Inflation Unter Druck
Beschert uns die Wirtschaftskrise am Ende eine große Inflation? Während die Gelehrten ihren Lieblingsstreit ausfechten, drohen die Rohstoffpreise schon wieder anzuziehen.
Geldscheine, eingemacht im Marmeladenglas! 25.000 Euro, geschreddert und zusammen mit einem Lachsack verpackt! Wer das Geldmuseum der Deutschen Bundesbank in Frankfurt besucht, darf sich nicht in die Irre führen lassen von den Scherzkeksen, die hier den Souvenirshop bestückt haben. Die alte bundesrepublikanische Institution trägt ein ernstes Vermächtnis mit sich herum: die Erinnerung an Jahre in Deutschland, in denen das Geld rapide seinen Wert verlor. An die Superinflation der zwanziger Jahre, als man Reichsmarkbündel bloß noch auf die Waage legte, statt sie zu zählen. An die nationalen Traumata von 1923 und 1948, als sich unser Geld in Luft auflöste.
Die Bundesbank, jahrzehntelang die Wächterin über die D-Mark und heute die konservativste Stimme im Kreis der Euro-Aufseher, versteht in diesem Punkt keinen Spaß. Einen Vertrauensverlust in die Währung – und in der Folge den Ruin der Wirtschaft durch frustrierte Investoren und Sparer, enteignete Gläubiger und panische Hamsterkäufer – soll es nie wieder geben. »Wie wichtig stabiles Geld für Wirtschaft und Gesellschaft ist«: Dieser Satz steht im Ausstellungskatalog. Und er ist die eigentliche Botschaft des Geldmuseums.
Für manche Ökonomen und Anlageberater ist er inzwischen sogar ein Schlachtruf. Die Inflationsfalle – Retten Sie Ihr Vermögen!, Die Inflation kommt!, Sprengsatz Inflation. Ein Buch nach dem anderen mit solchen Titeln kommt in diesen Tagen auf den Markt. Investorenbriefe warnen vor einer rapiden Geldentwertung und empfehlen den Kauf von Goldbarren, Aktien, Sachwertefonds, Kunstwerken oder Immobilien, je nach Temperament des Ratgebenden und seiner sonstigen Interessenlage. »Ich habe Kunden, die sich jetzt schützen«, sagt Claus Vogt, der Chefökonom der Quirin Bank in Berlin. »Ich empfehle 20 bis 30 Prozent Gold und Goldminen-Aktien im Portfolio.« Der Wert des Geldes sei in Gefahr wie lange nicht mehr.

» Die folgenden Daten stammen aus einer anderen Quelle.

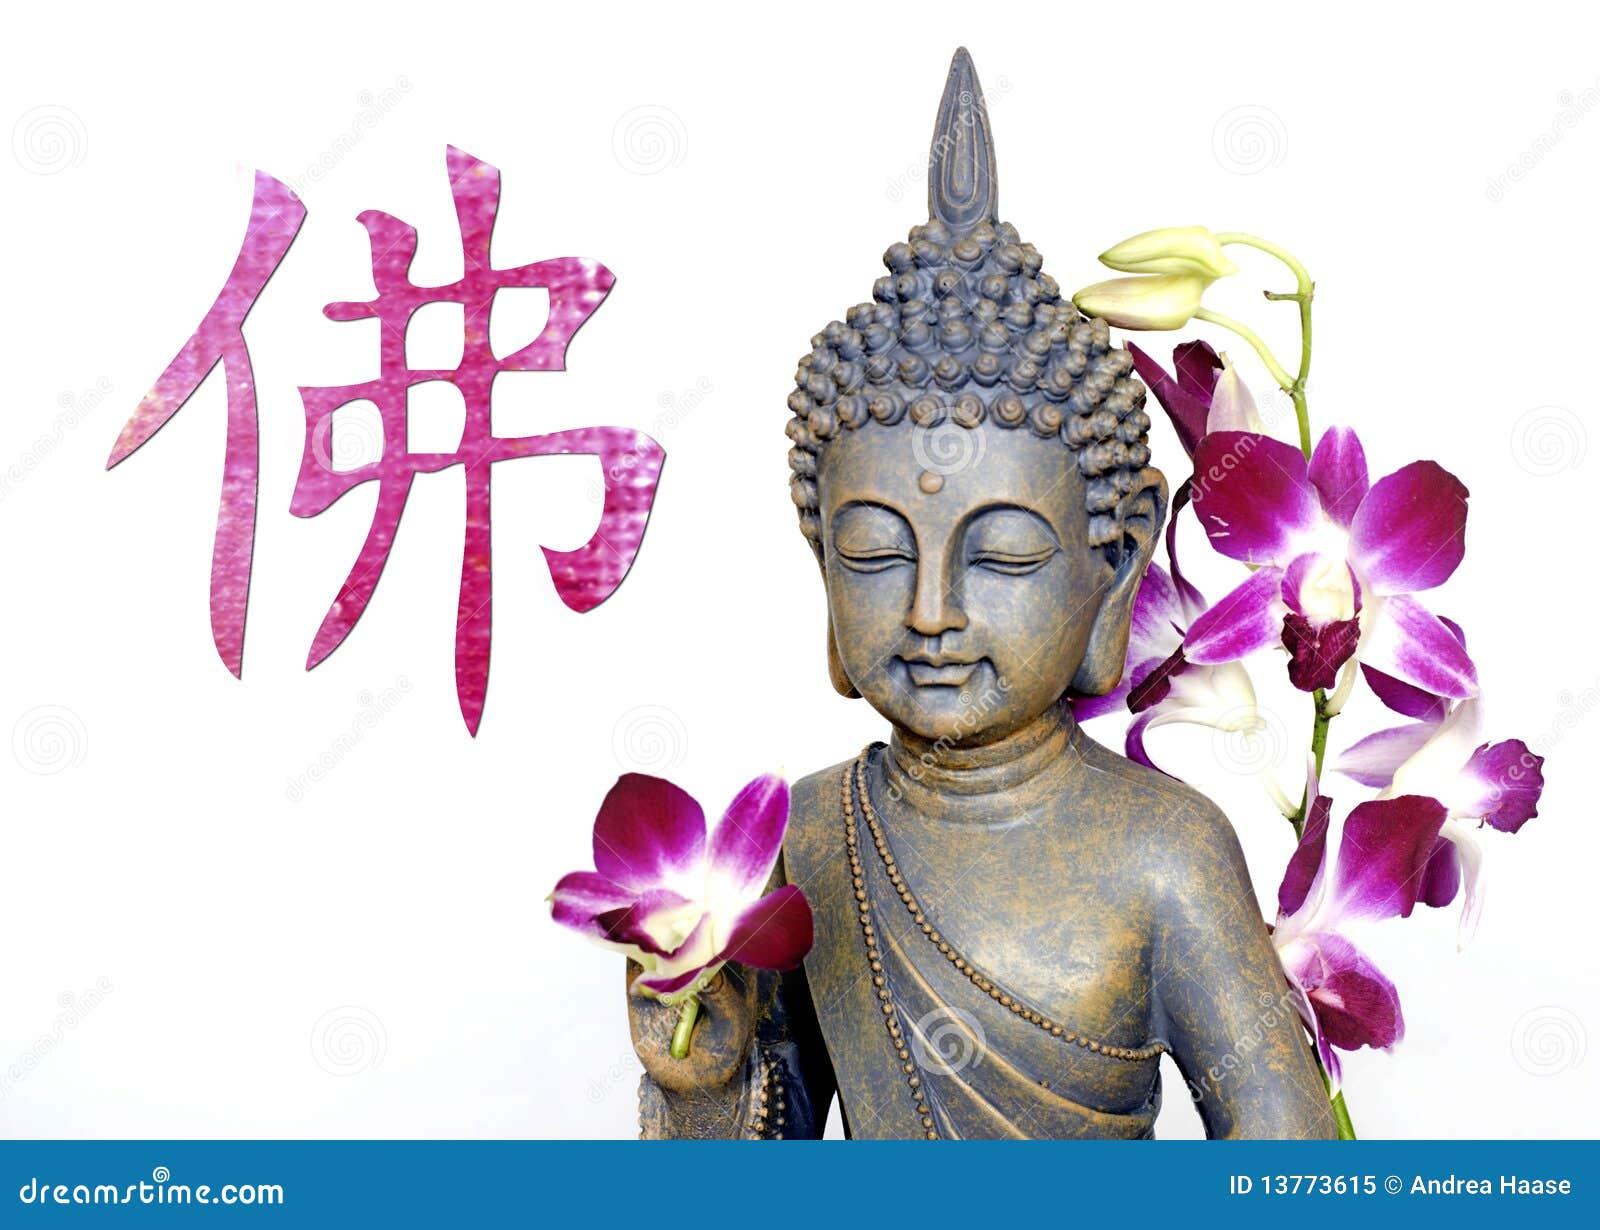 bouddha et symbole chinois pour bouddha image stock. Black Bedroom Furniture Sets. Home Design Ideas

Die Mehrheit der Deutschen rechnet schon mit Geldentwertung
Das Meinungsforschungsinstitut GfK meldete im Herbst, dass 57 Prozent der Deutschen mit einer Geldentwertung wegen der Krise rechneten. »An unserer Verpflichtung auf die Gewährleistung von Preisstabilität gibt es nichts zu rütteln«, knurrte zum Wochenbeginn Bundesbankchef Axel Weber in einem Interview mit der Wirtschaftswoche und griff ungewöhnlich scharf Olivier Blanchard an, den Chefökonomen des Internationalen Währungsfonds (IWF). »Grob fahrlässig und schädlich« sei dessen Vorschlag, man solle in der kommenden Zeit die Geldpolitik ein wenig lockerer gestalten und statt der üblichen zwei Prozent Inflation lieber vier Prozent anstreben.
Man kann das auf den ersten Blick für eine absonderliche Debatte halten: Eine kleine Schar namhafter Ökonomen hat sich in den vergangenen Wochen und Monaten schon so ähnlich geäußert wie Blanchard, darunter auch Kenneth Rogoff, einer seiner Amtsvorgänger. Grob gesprochen kann man sie der keynesianischen Denkschule zurechnen, und sie haben im Sinn, die Anpassungsschocks nach der Wirtschaftskrise sanfter zu gestalten. Eine haltlose Teuerung wie in den zwanziger Jahren will niemand. Inflationsraten von vier Prozent plus gab es gelegentlich auch schon unter dem Regiment der alten Bundesbank, etwa während der späten Wirtschaftswunderzeit der sechziger Jahre.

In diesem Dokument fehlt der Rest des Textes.